Does anyone else notice that the protections for freedom of the press in the Florida Constitution do not have a minimum size requirement? This part of the law not only violates a Floridian’s freedom of press, but also their equal protection as well:
All natural persons, female and male alike, are equal before the law and have inalienable rights, among which are the right to enjoy and defend life and liberty, to pursue happiness, to be rewarded for industry, and to acquire, possess and protect property. No person shall be deprived of any right because of race, religion, national origin, or physical disability.
I guess you are only equal before the law if you are large enough to matter to the State of Florida.
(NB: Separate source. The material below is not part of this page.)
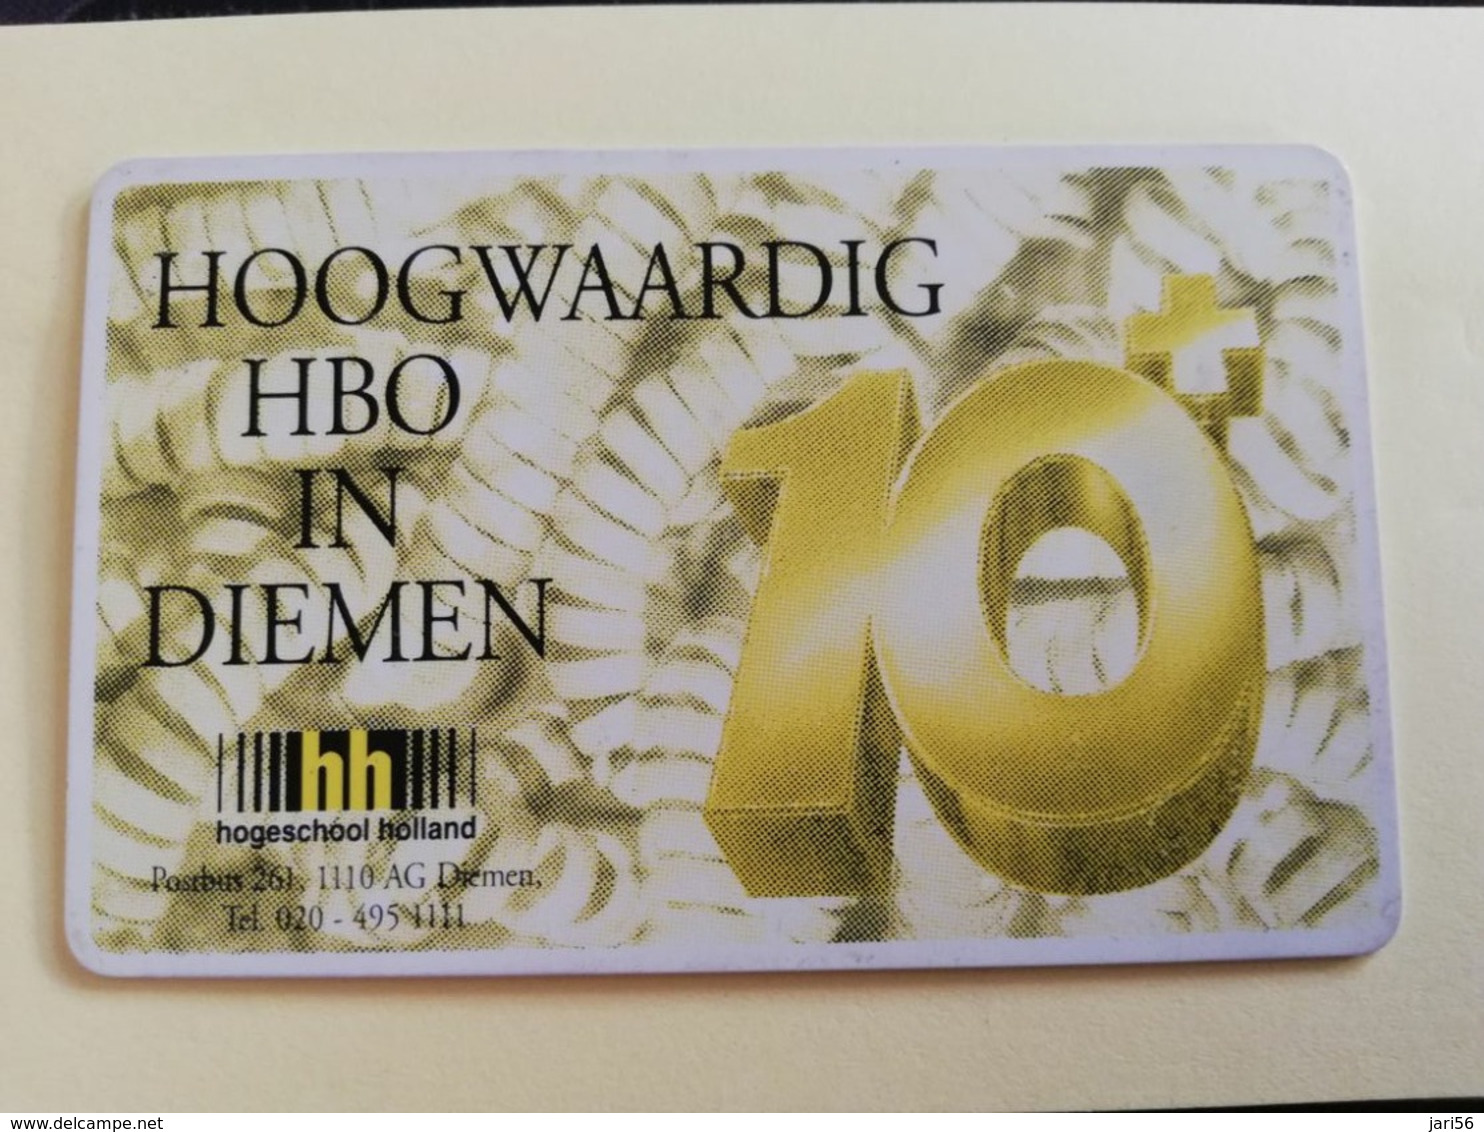 NETHERLANDS  ADVERTISING CHIPCARD HFL 5,00 CRE 131.02   HOOGWAARDIG HBO DIEMEN          Fine Used   ** 3188** - Privat
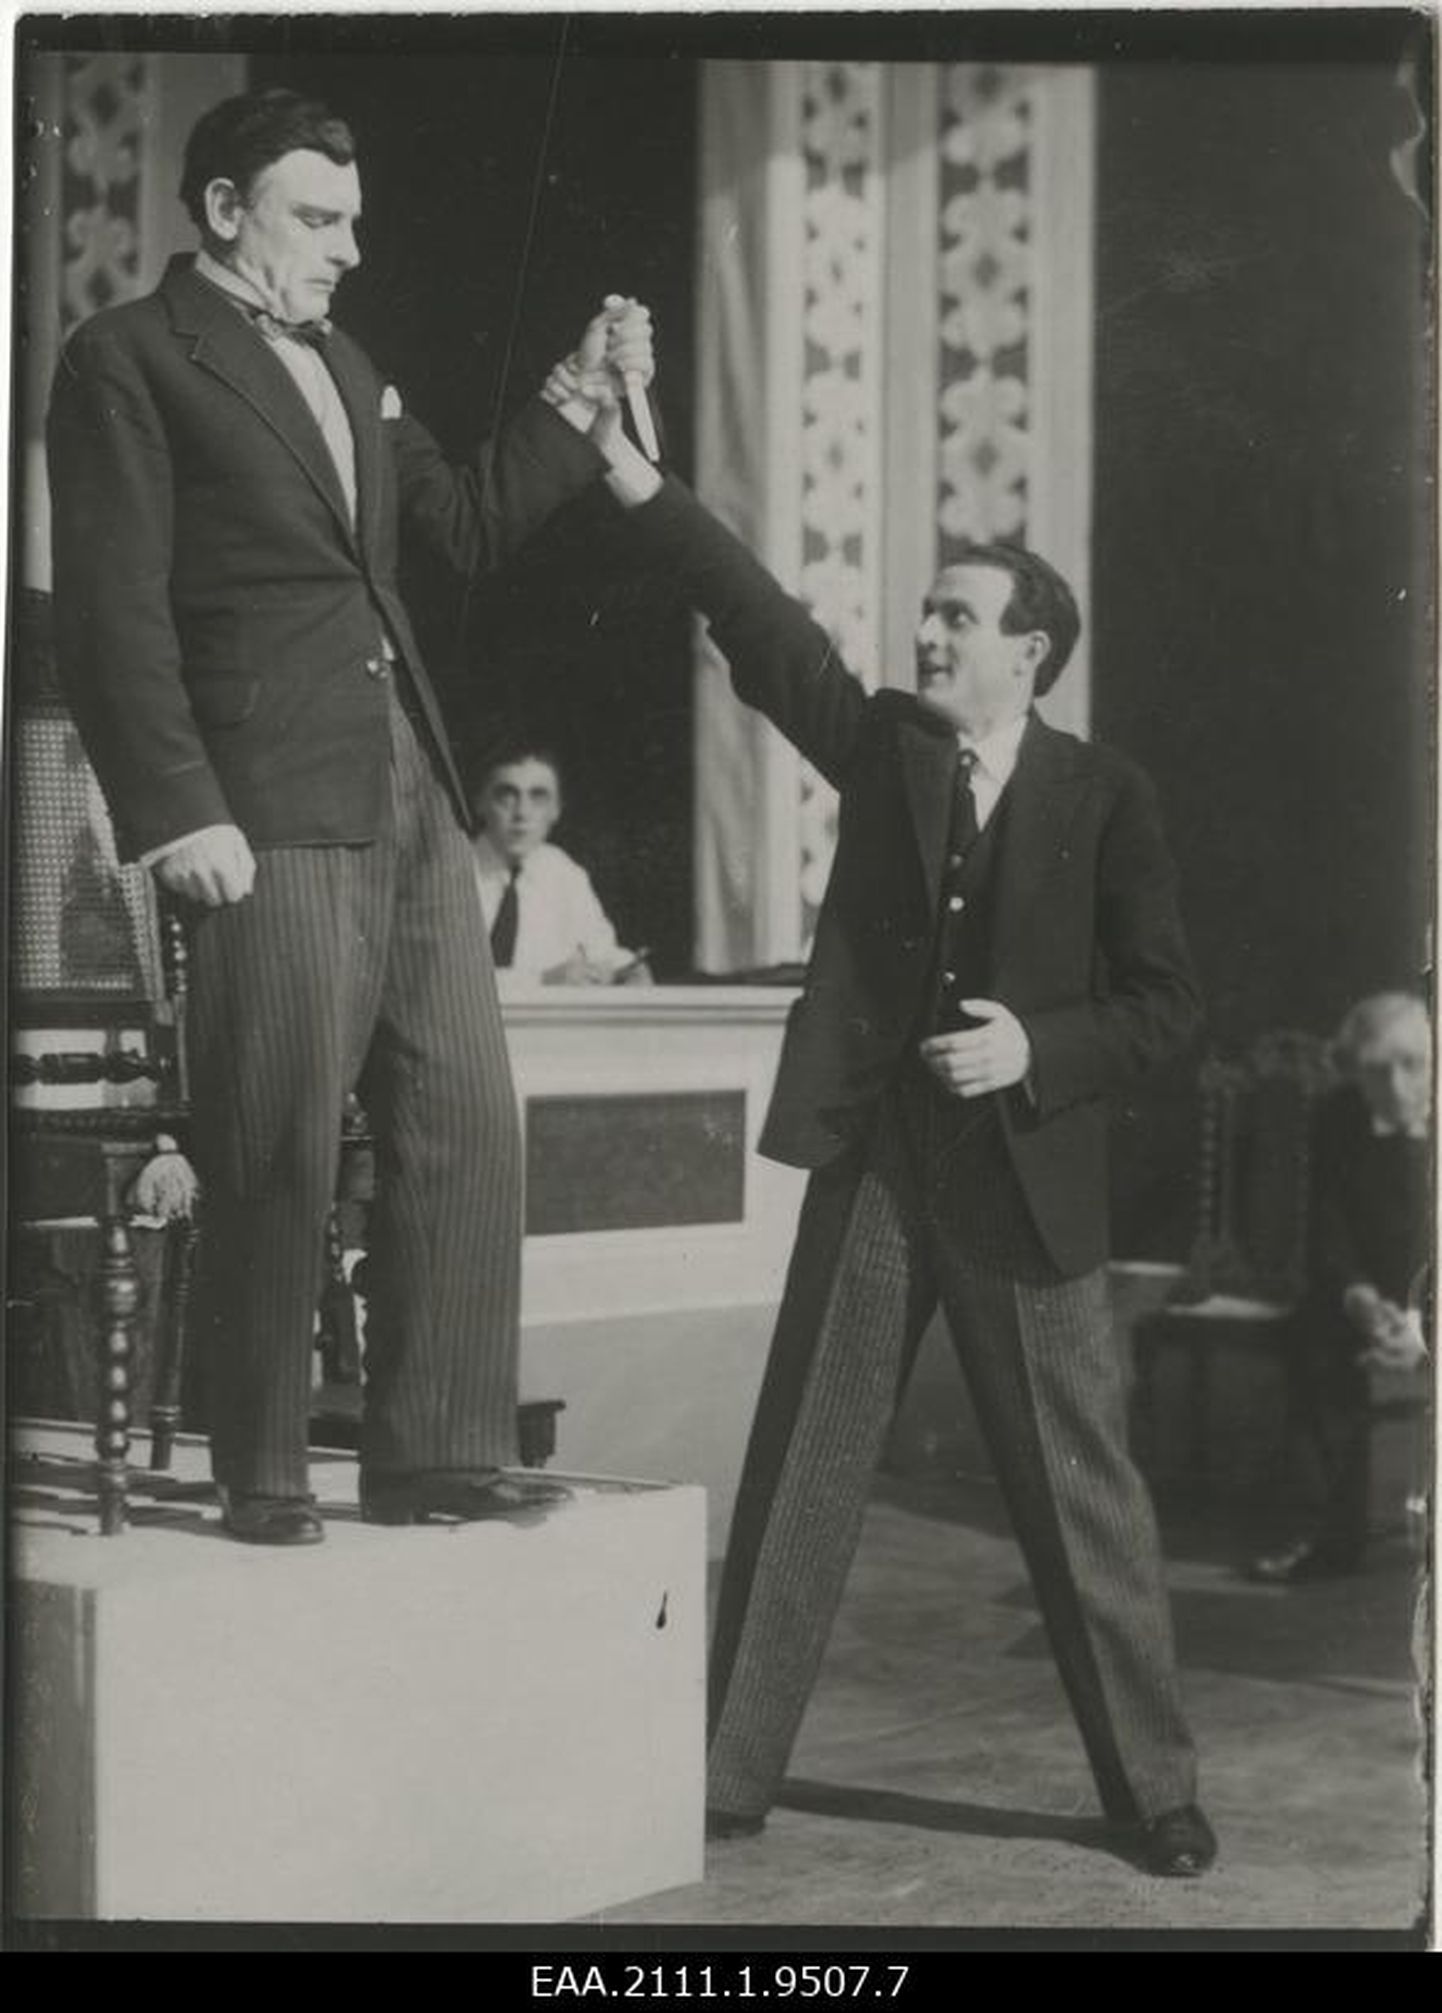 Eesti näitleja ja pedagoog, esimene raadioreporter Felix Moor näitlemas 1920ndatel. Pilt on illustratiivne.

And so we return to President Washington. I neither praise nor criticize Governor DeSantis or the members of the Florida Legislature based on their political party affiliations. Much of what I’ve seen come out of the Sunshine State has been constitutionally sound, but not all. Since I refuse to support people or institutions, only policies, I can see the good, the bad, and the ugly of what’s being done in the name of the citizens of all fifty states. Since I have focused on what has been reported regarding Florida recently, the same could be said about any state in the union. If I cannot praise Florida for its political bias, I cannot criticize New York, California, or Michigan for theirs. What I can do is examine the policies, determine if they follow the supreme laws of both the state and the union, and judge accordingly.
Perhaps, if Americans paid more attention to the constitutionality of the policy than the party membership of the person or persons enacting it, we could avoid the horrid enormities and frightful despotism our first President warned us about.